Project Inspiration and Description

Methylotrophic yeasts have the potential to convert single carbon compounds such as greenhouse gases into organic compounds of greater value. Currently, there exists engineered Pichia pastoris, a type of methylotrophic yeast, that is capable of converting methanol into medical compounds such as insulin. However, in Pichia pastoris, the metabolism of methanol is highly specific and results in significant oxygen consumption and heat generation, which have limited its industrial applications.

We aim to maximize the methanol conversion rate and lower oxygen consumption and heat generation in Pichia pastoris metabolism. This may be achieved via 1. Refining the metabolic pathways of Pichia pastoris so that it may consume methanol and other carbon sources (such as glycerine) at the same time and 2. Converting metabolic byproducts (formic acid) back to methanol so that methanol may be utilized to the greatest extent.

In Pichia pastoris, there are three transcription factors for the AOX1 gene that encodes aldehyde oxidase (the protein that allows it to metabolize methanol), respectively Prm1, Mit1, and Mxr1. These transcription factors are inhibited in the presence of other carbon sources such as glucose and glycerine.

original metabolic pathway of Pichia pastoris [1]

We plan to re-engineer the metabolic pathways of Pichia pastoris to allow it to simultaneously consume methanol and glycerine, hence maximizing the methanol conversion rate while lowering oxygen consumption and heat generation. This may be achieved by regulating the expression level of Prm1 and Mit1 by interchanging their promoter sequences (Pprm1 and Pmit1).

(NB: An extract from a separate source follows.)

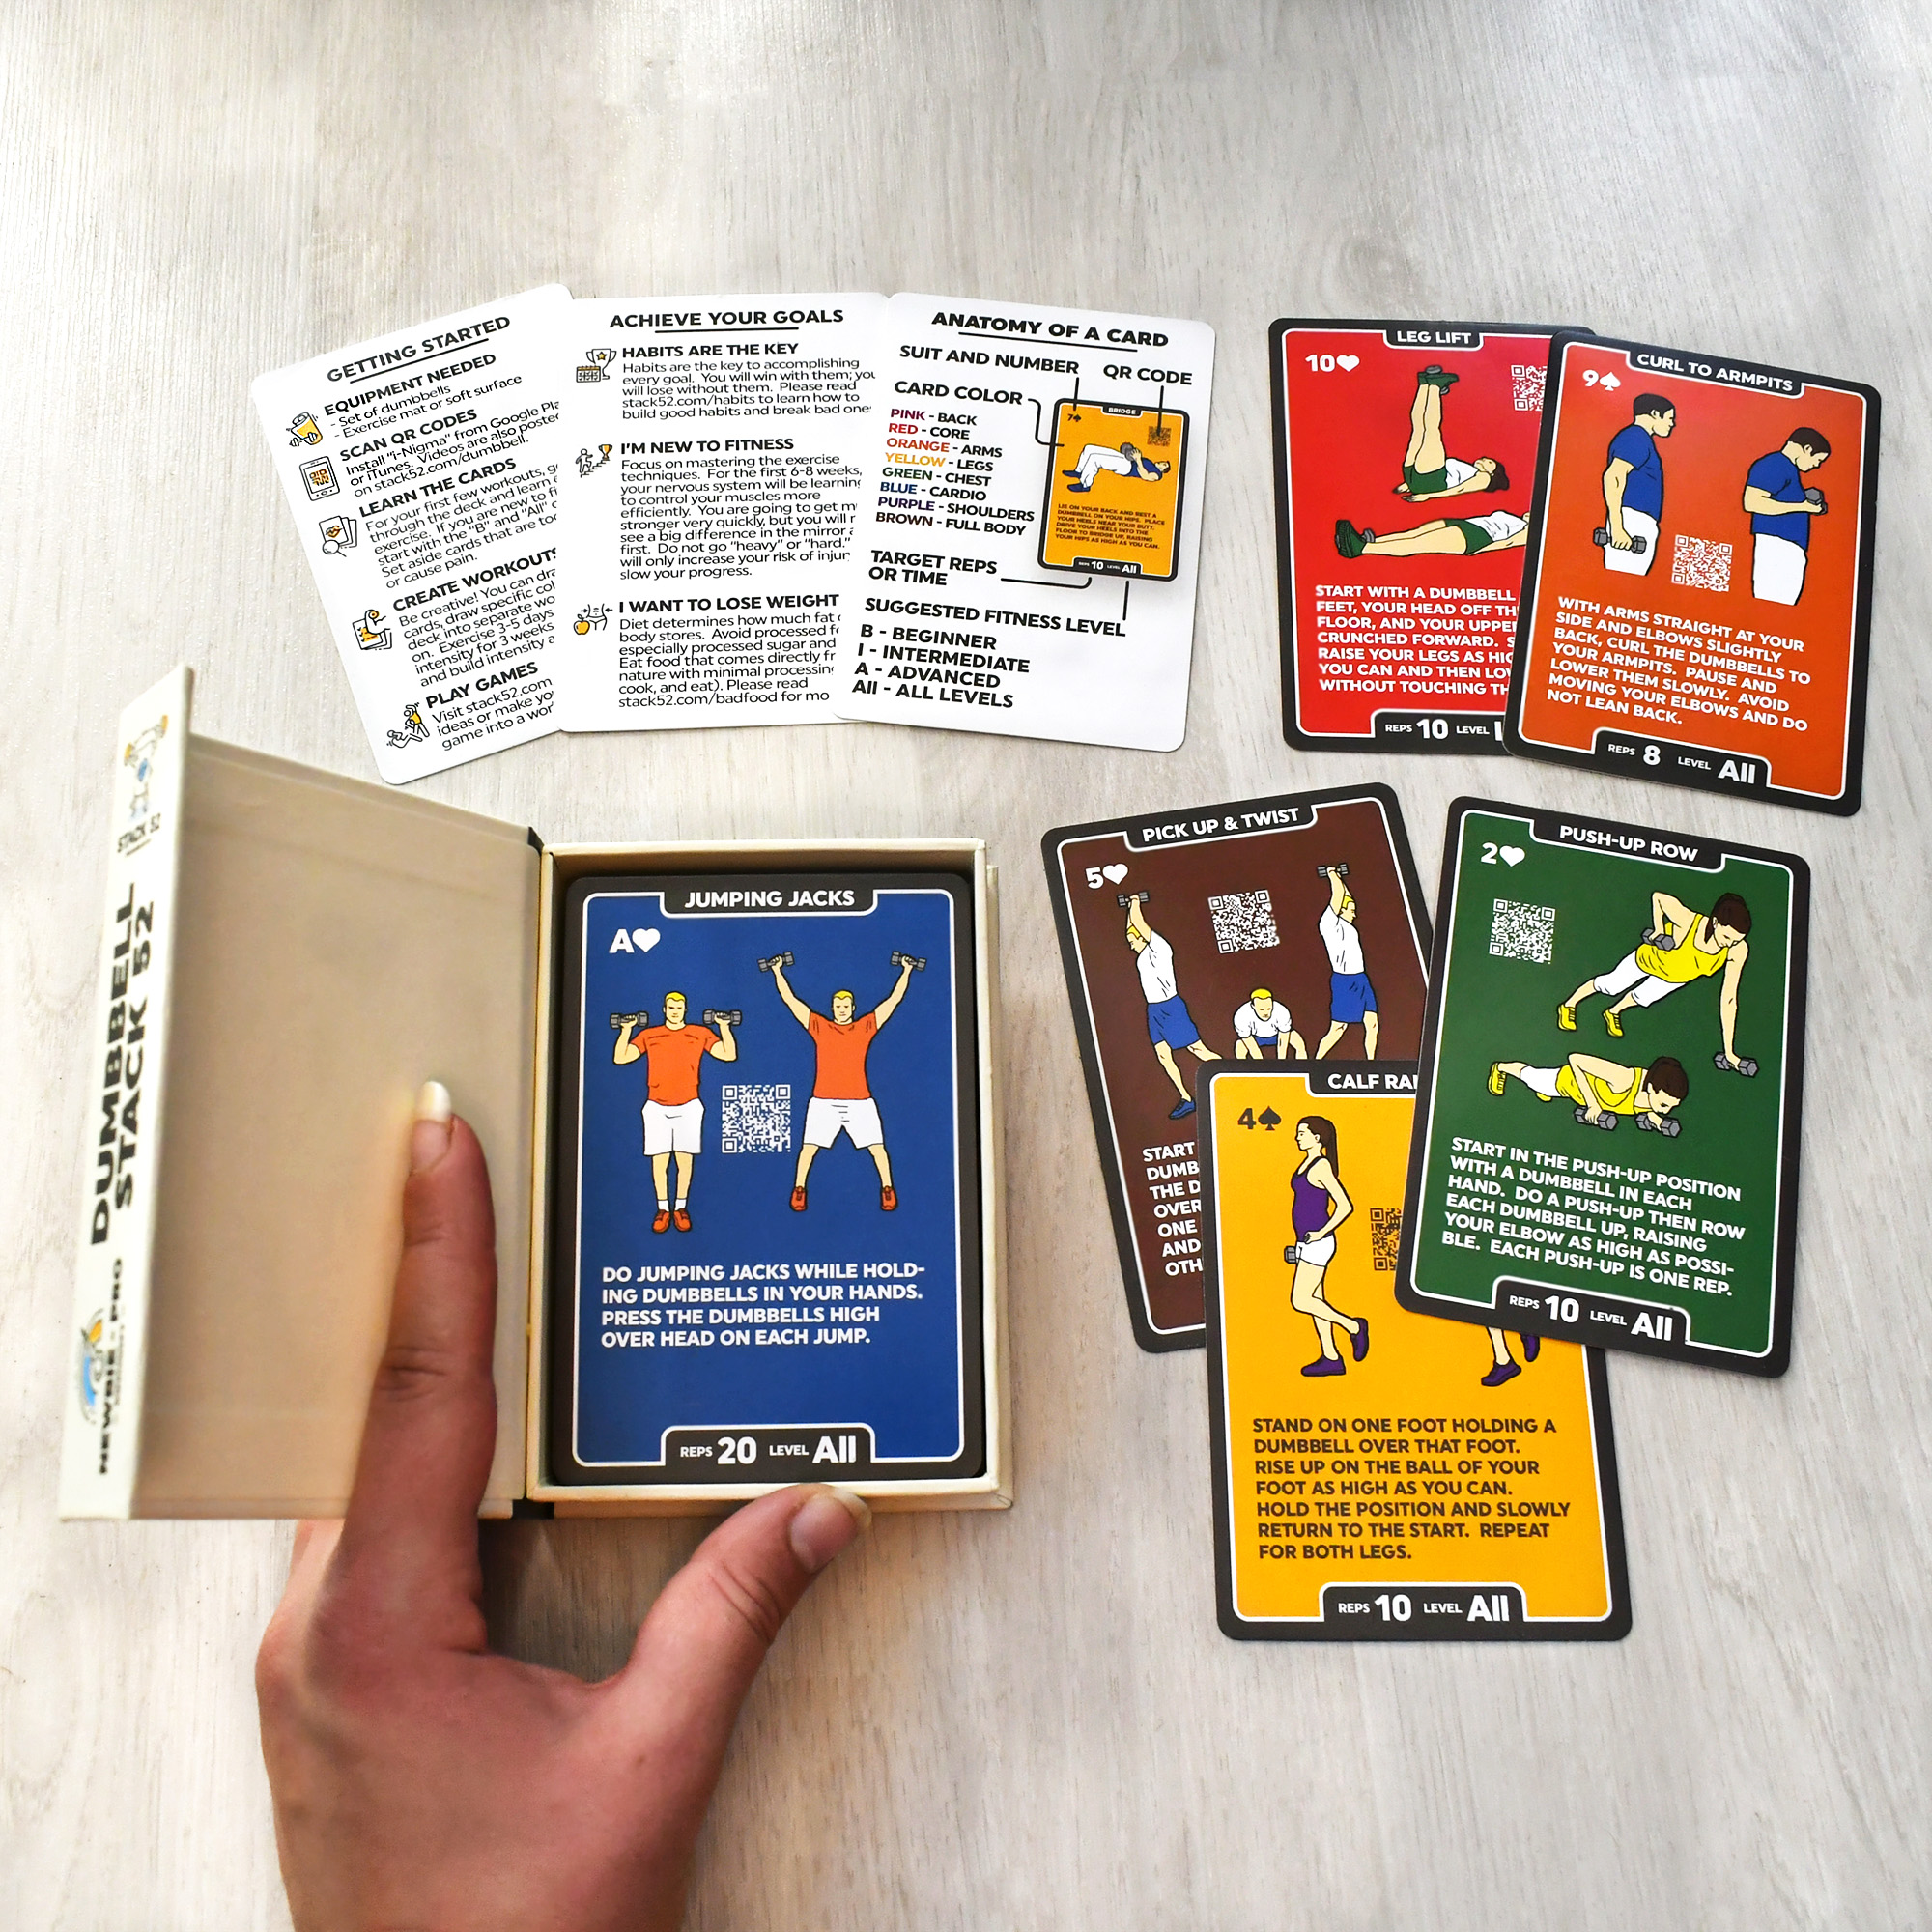 Stack 52 Dumbbell Exercise Cards. Dumbbell Workout Playing Card Game. Video Instructions Included. Perfect for Training with Adjustable Dumbbell Free Weight Sets and Home Gym Fitness. (2019 Base Deck) - image 2 of 6

Mit1 is relatively cytotoxic and Pprm1 is a relatively strong promoter, but the promoter can be inhibited by Mit1. Meanwhile, Pmit1 is a relatively weak promoter, but it can be enhanced by Prm1, which is not very cytotoxic. Therefore, this combination of Pprm1-Mit1 and Pmit1-Prm1 may allow for the moderate overexpression of AOX1 transcription factors Mit1 and Prm1, which in turn should facilitate the expression of aldehyde oxidase despite the presence of glycerine.

We also plan to knock out the gene that facilitates glycerine inhibition to further allow the yeast to metabolize methanol despite the presence of glycerine.